Andrey Borodin <x4mmm(at)yandex-team(dot)ru> writes:

> I like the idea that with this patch set universally all postgres
> instances are bound into single distributed DB, even if they never
> heard about each other before :) This is just amazing. Or do I get
> something wrong?

Yeah, in a sense of xact visibility we can view it like this.

> I've got few questions:
> 1. If we coordinate HA-clusters with replicas, can replicas
> participate if their part of transaction is read-only?

Ok, there are several things to consider. Clock-SI as described in the
paper technically boils down to three things. First two assume CSN-based
implementation of MVCC where local time acts as CSN/snapshot source, and
they impose the following additional rules:

1) When xact expands on some node and imports its snapshot, it must be
blocked until clocks on this node will show time >= snapshot being
imported: node never processes xacts with snap 'from the future'
2) When we choose CSN to commit xact with, we must read clocks on
all the nodes who participated in it and set CSN to max among read
values.

These rules ensure *integrity* of the snapshot in the face of clock
skews regardless of which node we access: that is, snapshots are stable
(no non-repeatable reads) and no xact is considered half committed: they
prevent situation when the snapshot sees some xact on one node as
committed and on another node as still running.
(Actually, this is only true under the assumption that any distributed
xact is committed at all nodes instantly at the same time; this is
obviously not true, see 3rd point below.)

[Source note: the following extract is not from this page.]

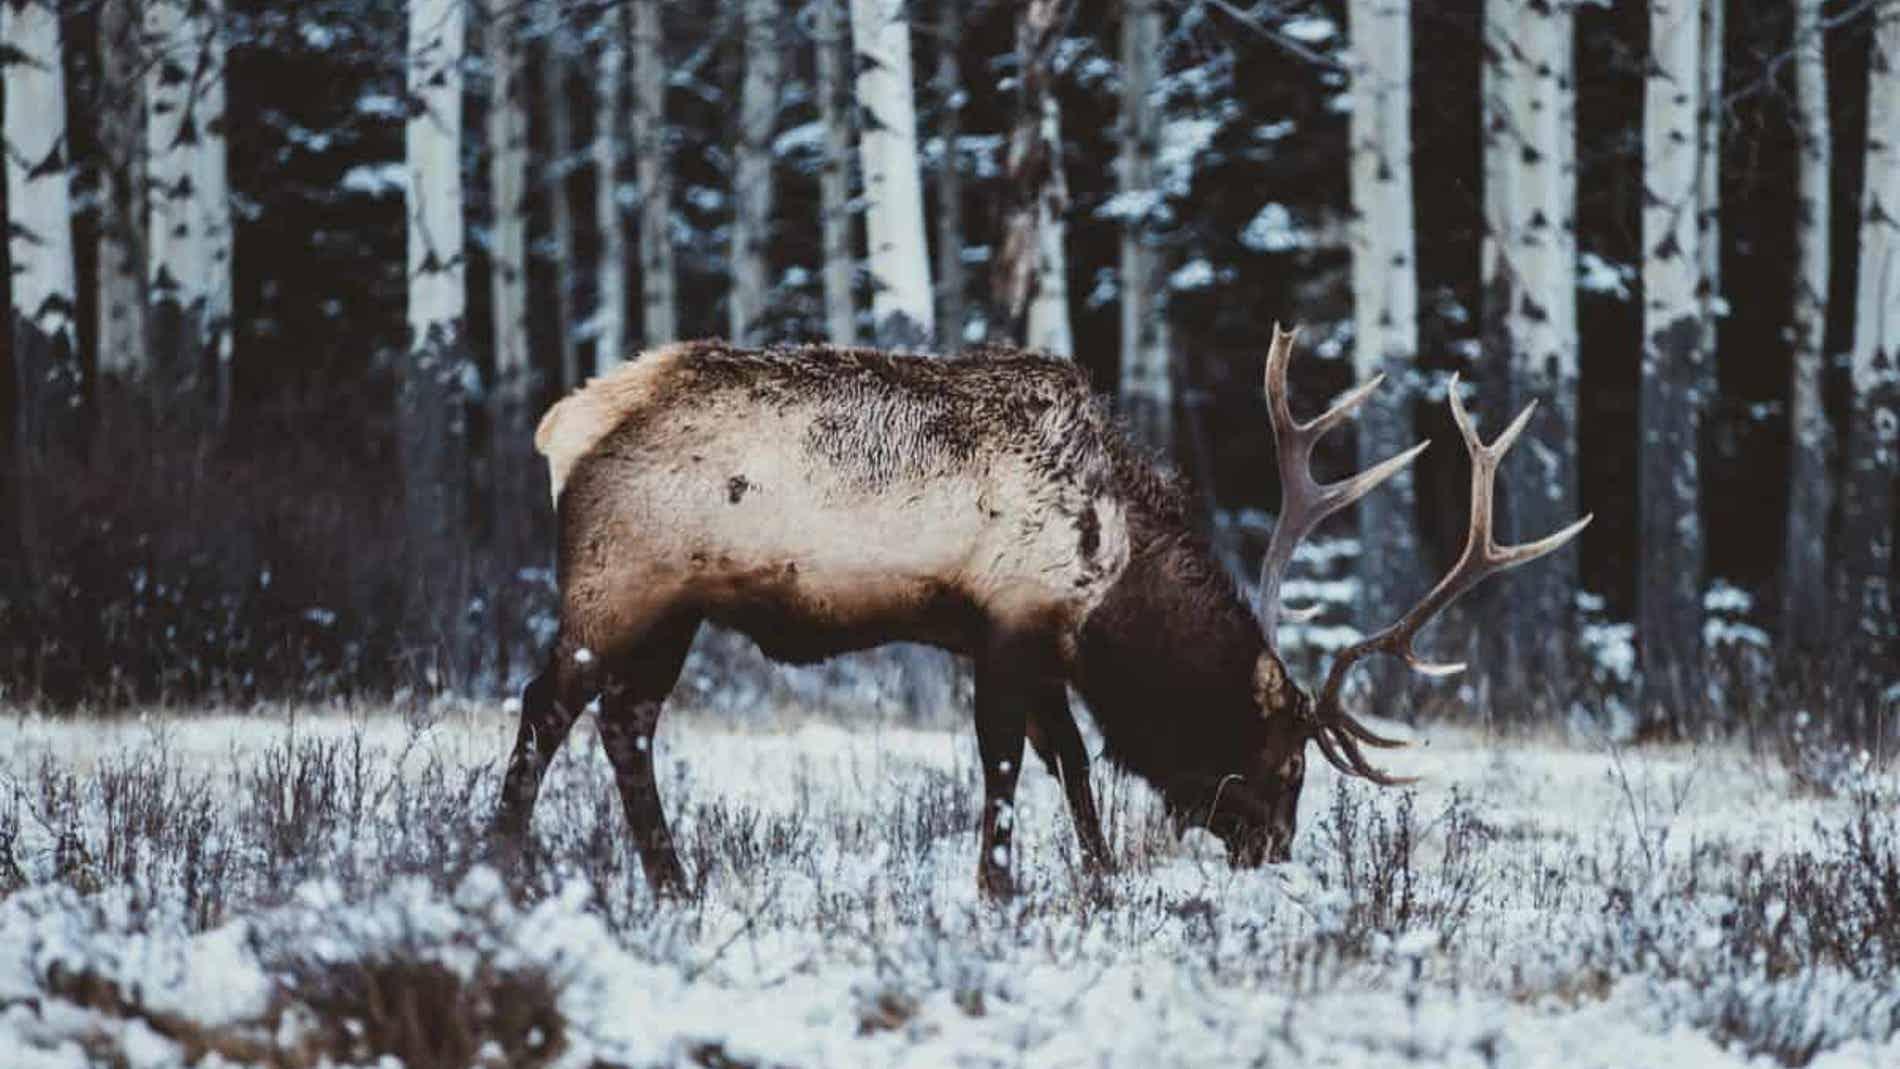 Un alce en la nieve (Archivo)

If we are speaking about e.g. traditional usage of hot standy, when
client in one xact accesses either primary, or some standby, but not
several nodes at once, we just don't need this stuff because usual MVCC
in Postgres already provides you consistent snapshot. Same is true for
multimaster-like setups, when each node accepts writes, but client still
accesses single node; if there is a write conflict (e.g. same row
updated on different nodes), one of xacts must be aborted; the snapshot
is still good.

However, if you really intend to read in one xact data from multiple
nodes (e.g. read primary and then replica), then yes, these problems
arise and Clock-SI helps with them. However, honestly it is hard for me
to make up a reason why would you want to do that: reading local data is
always more efficient than visiting several nodes. It would make sense
if we could read primary and replica in parallel, but that currently is
impossible in core Postgres. More straightforward application of the
patchset is sharding, when data is splitted and you might need to go to
several nodes in one xact to collect needed data.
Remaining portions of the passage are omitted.